Due to the exposed topographical location of both trails, regular maintenance by the local rangers is required – so the fee is a fair solution to contribute to their work and is absolutely worth it for the surrounding alpine landscape and views over the Gotthard region. At the top of Unteralp Valley the Vermigels-lodge offers a nice opportunity to spend a night in the mountains. Another option is the campground in Andermatt (check POIs) or wild camping along the Tätschstrasse (be careful riding the last part of this trail since it becomes quite washed out towards its end, check POI). Once you've arrived at the top of Furkapass – another Swiss alpine classic – you take the road down to the Rhone valley and the Simplon Pass connecting TET Switzerland to TET Italy. This last bit is another stretch that is quite dense in terms of population and traffic. I'll be working on this part in order to find some alternatives that avoid staying too much on the main road in the middle of the valley.

Technically speaking and from a trail riding point of view, TET Switzerland is rather "light" trail compared to TETs in other countries. However, all sections include routes that climb to high altitudes (some over 2000m) and even if all the trails included are fairly easy to ride in dry weather conditions this might drastically change when rain or snowfall is encountered. So keep an eye on the weather forecast and check with the local tourist offices or lodges for more information.

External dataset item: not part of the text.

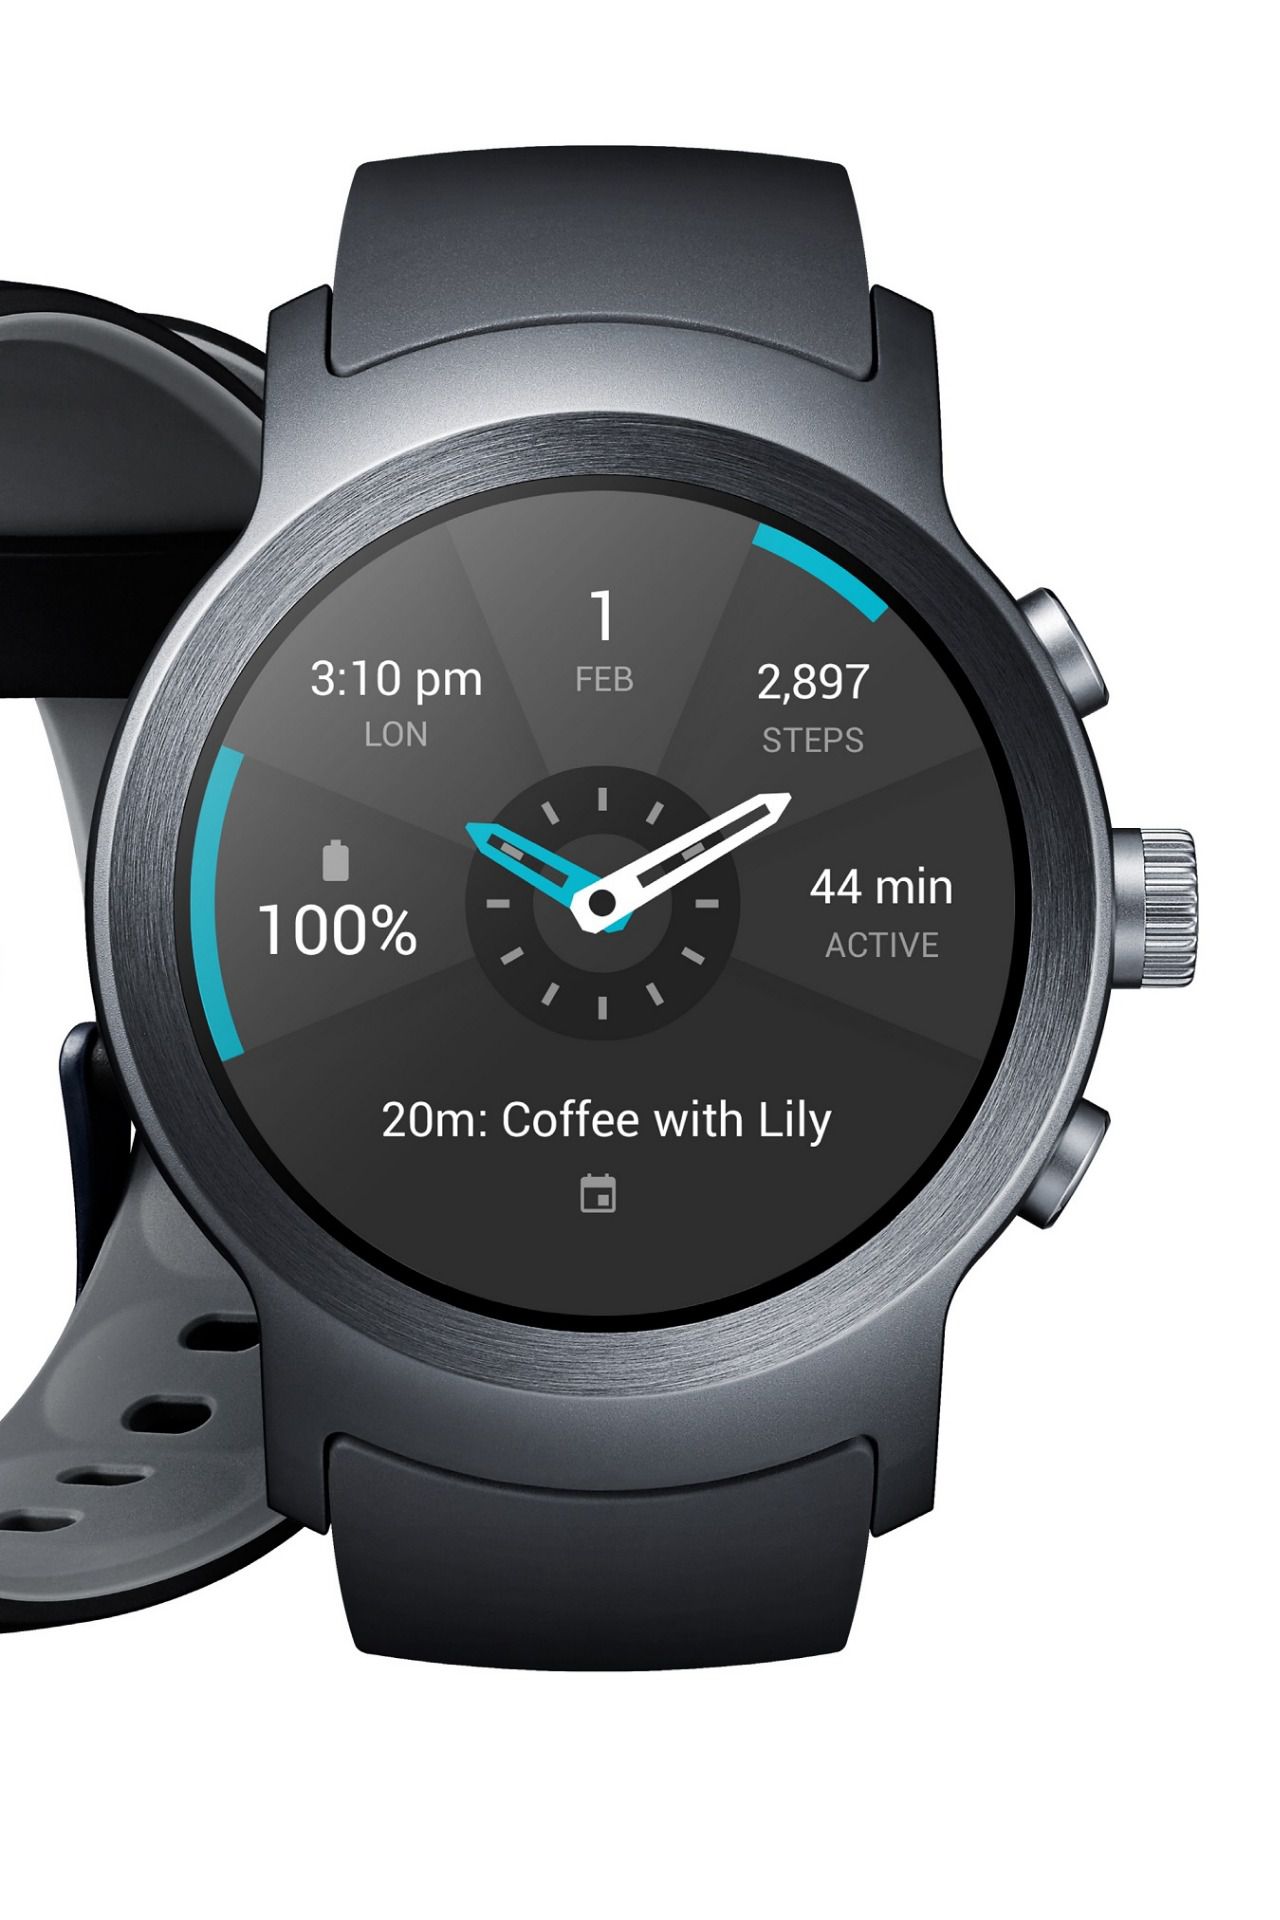 Primeros smartwatches con android wear 2.0 de LG y Google | Imagenacion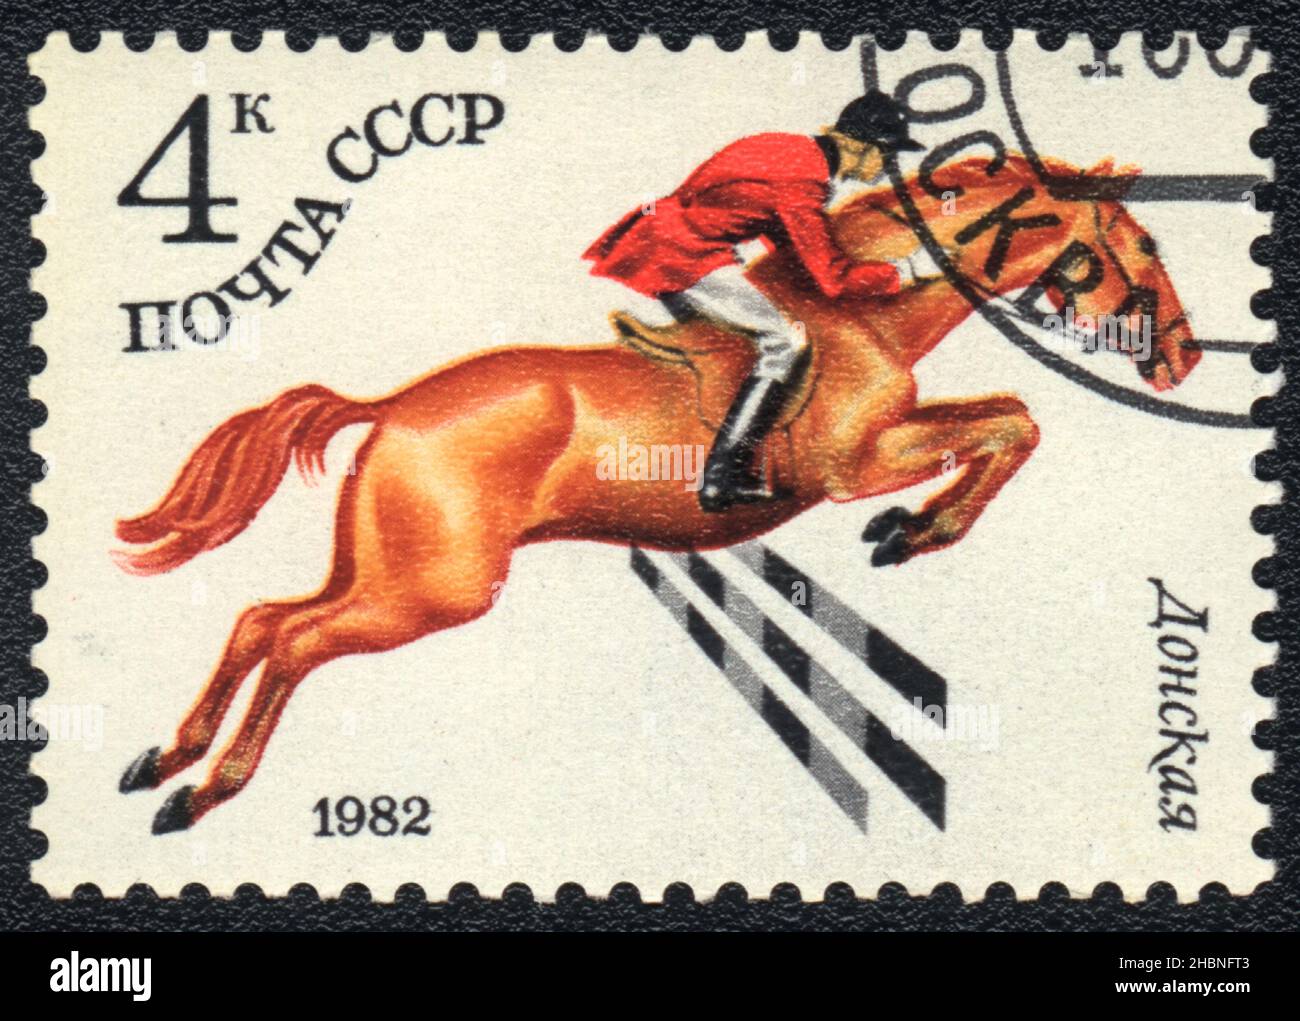 Un sello impreso en la URSS muestra una carrera de caballos Donskaya, serie de razas de caballos en un deporte ecuestre, URSS 1982 Foto de stock

Along with the breathtaking views you will experience when riding TET Switzerland there are a number of mountain lodges on the trail (tagged as POIs in the GPX file). A night in one of these lodges is a fantastic experience and besides being surrounded by peaks, lakes and waterfalls usually, the caretaker will prepare you a warm and regional meal.

As an alternative to lodges and given the fact that wild camping is widely accepted in Switzerland (especially above the tree line in the mountains) a night out watching the stars is an absolute must!